[[ DATASET SECTION, beginning ]]
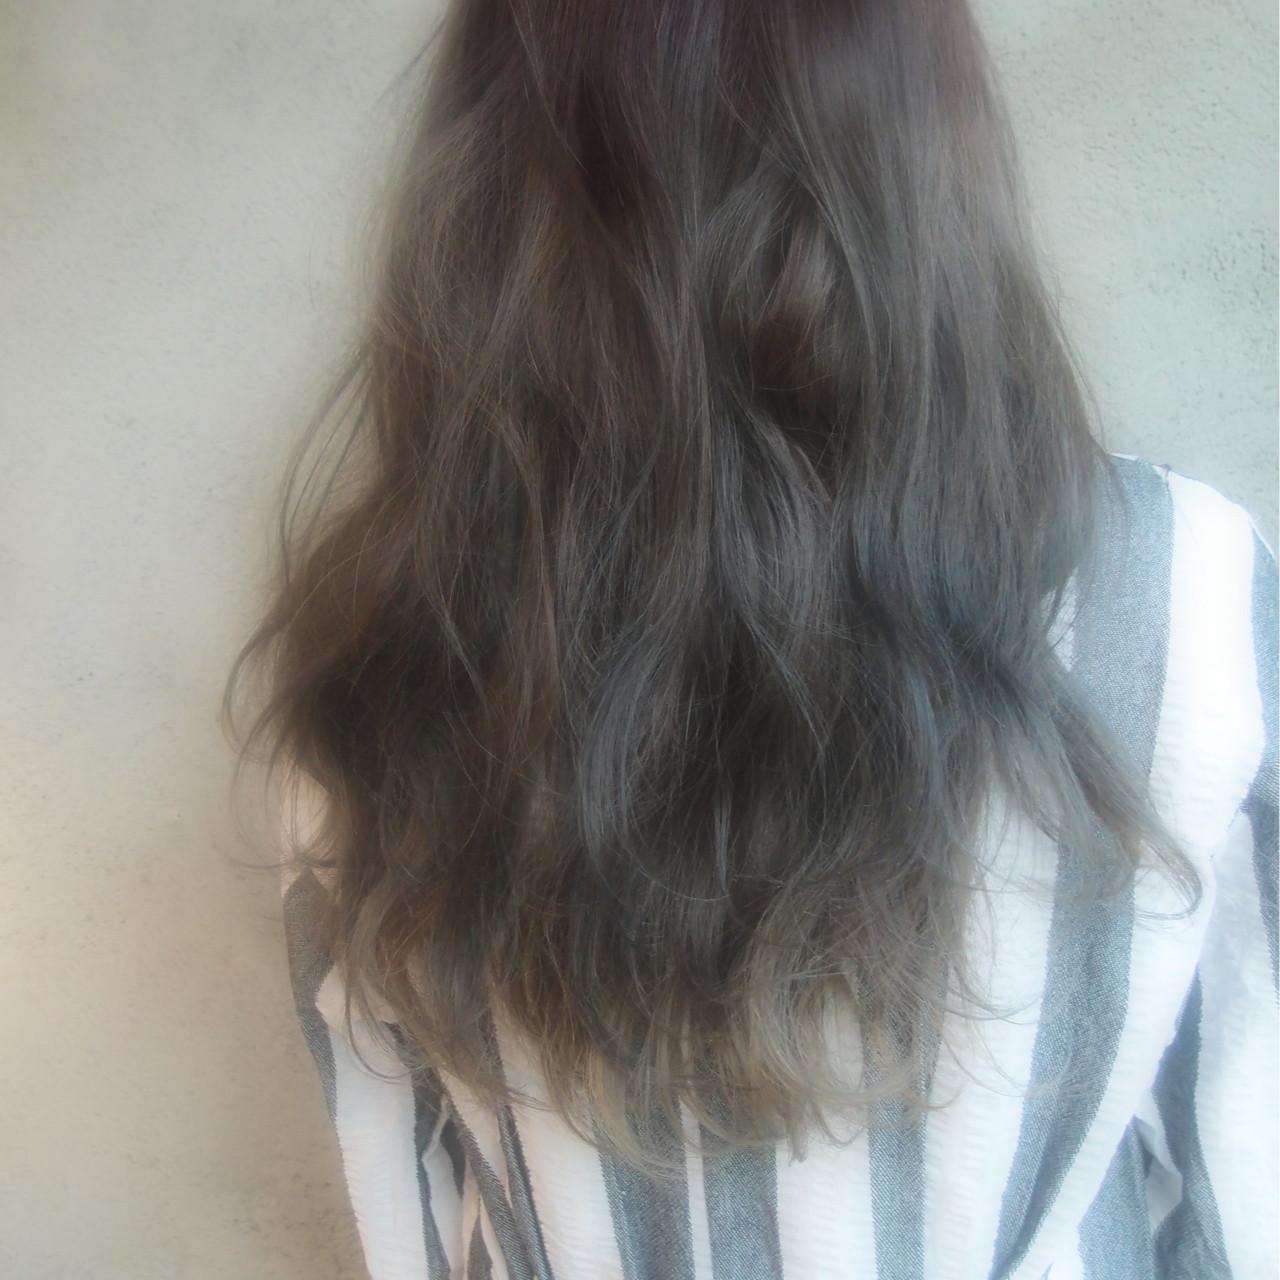 ハイライト 外国人風 ゆるふわ ダブルカラー ヘアスタイルや髪型の写真・画像
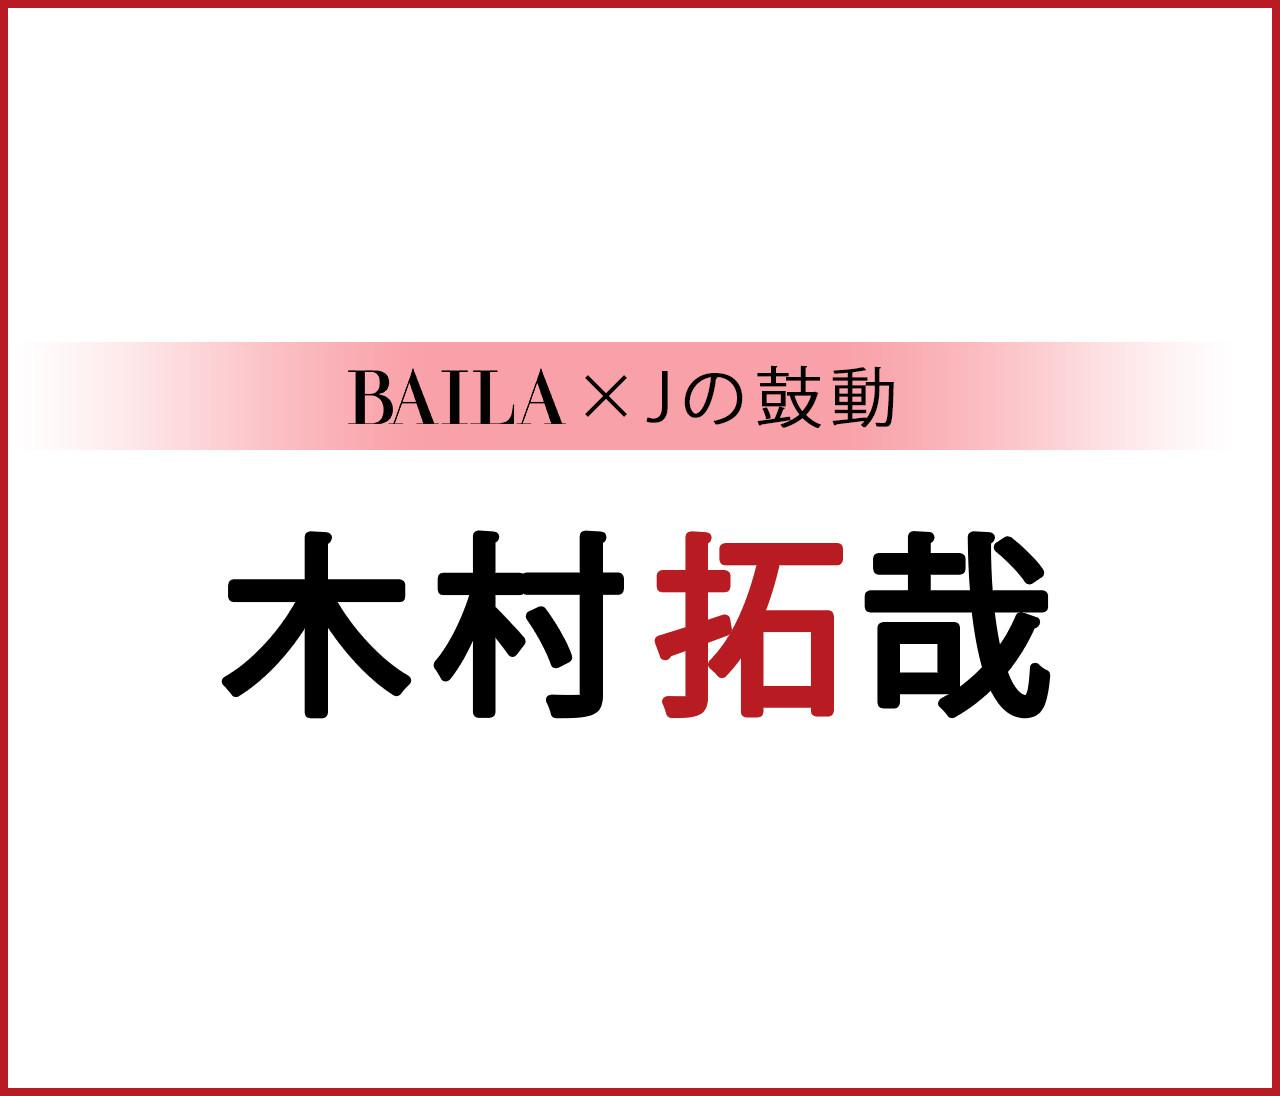 【木村拓哉】スペシャルインタビュー<後編>【BAILA × Jの鼓動】
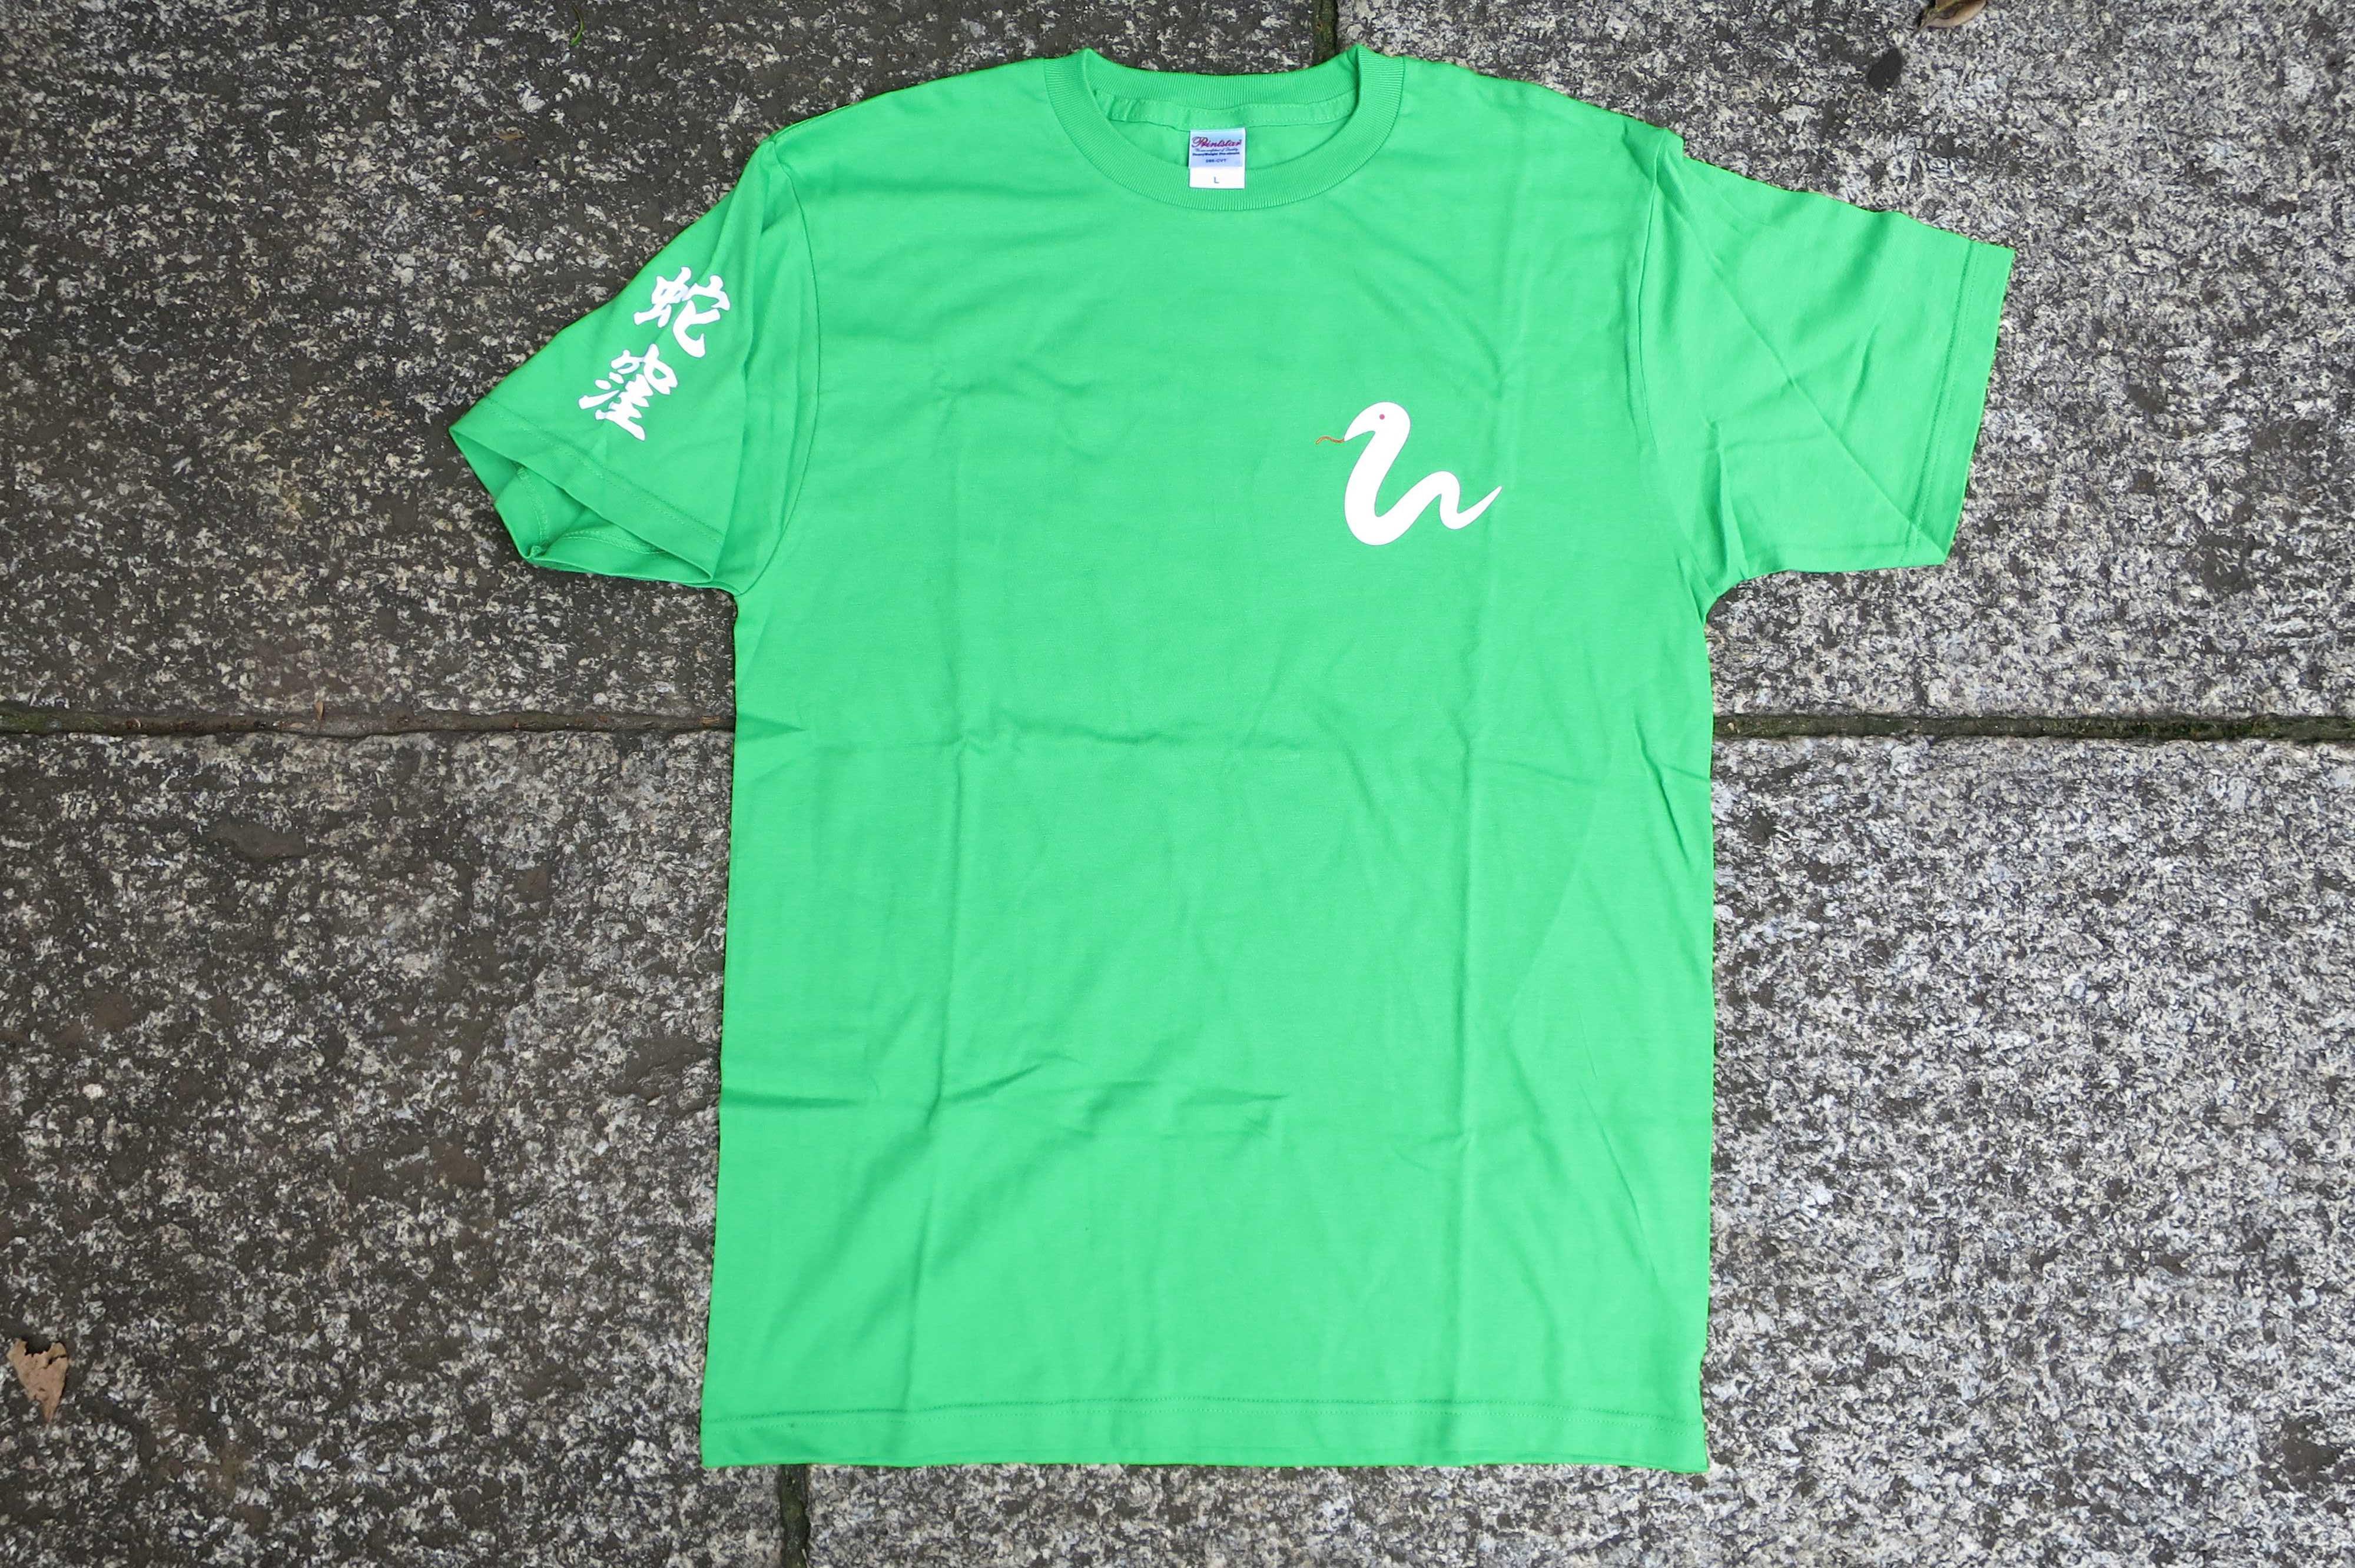 「蛇窪」の白い文字がかっこいい蛇窪Tシャツ
[[ DATASET SECTION, end ]]
Your response should reproduce the entire listing verbatim, minus the pictures.

§ EXERCISE RESPONSE
 ハイライト 外国人風 ゆるふわ ダブルカラー ヘアスタイルや髪型の写真・画像
 【木村拓哉】スペシャルインタビュー<後編>【BAILA × Jの鼓動】
 「蛇窪」の白い文字がかっこいい蛇窪Tシャツ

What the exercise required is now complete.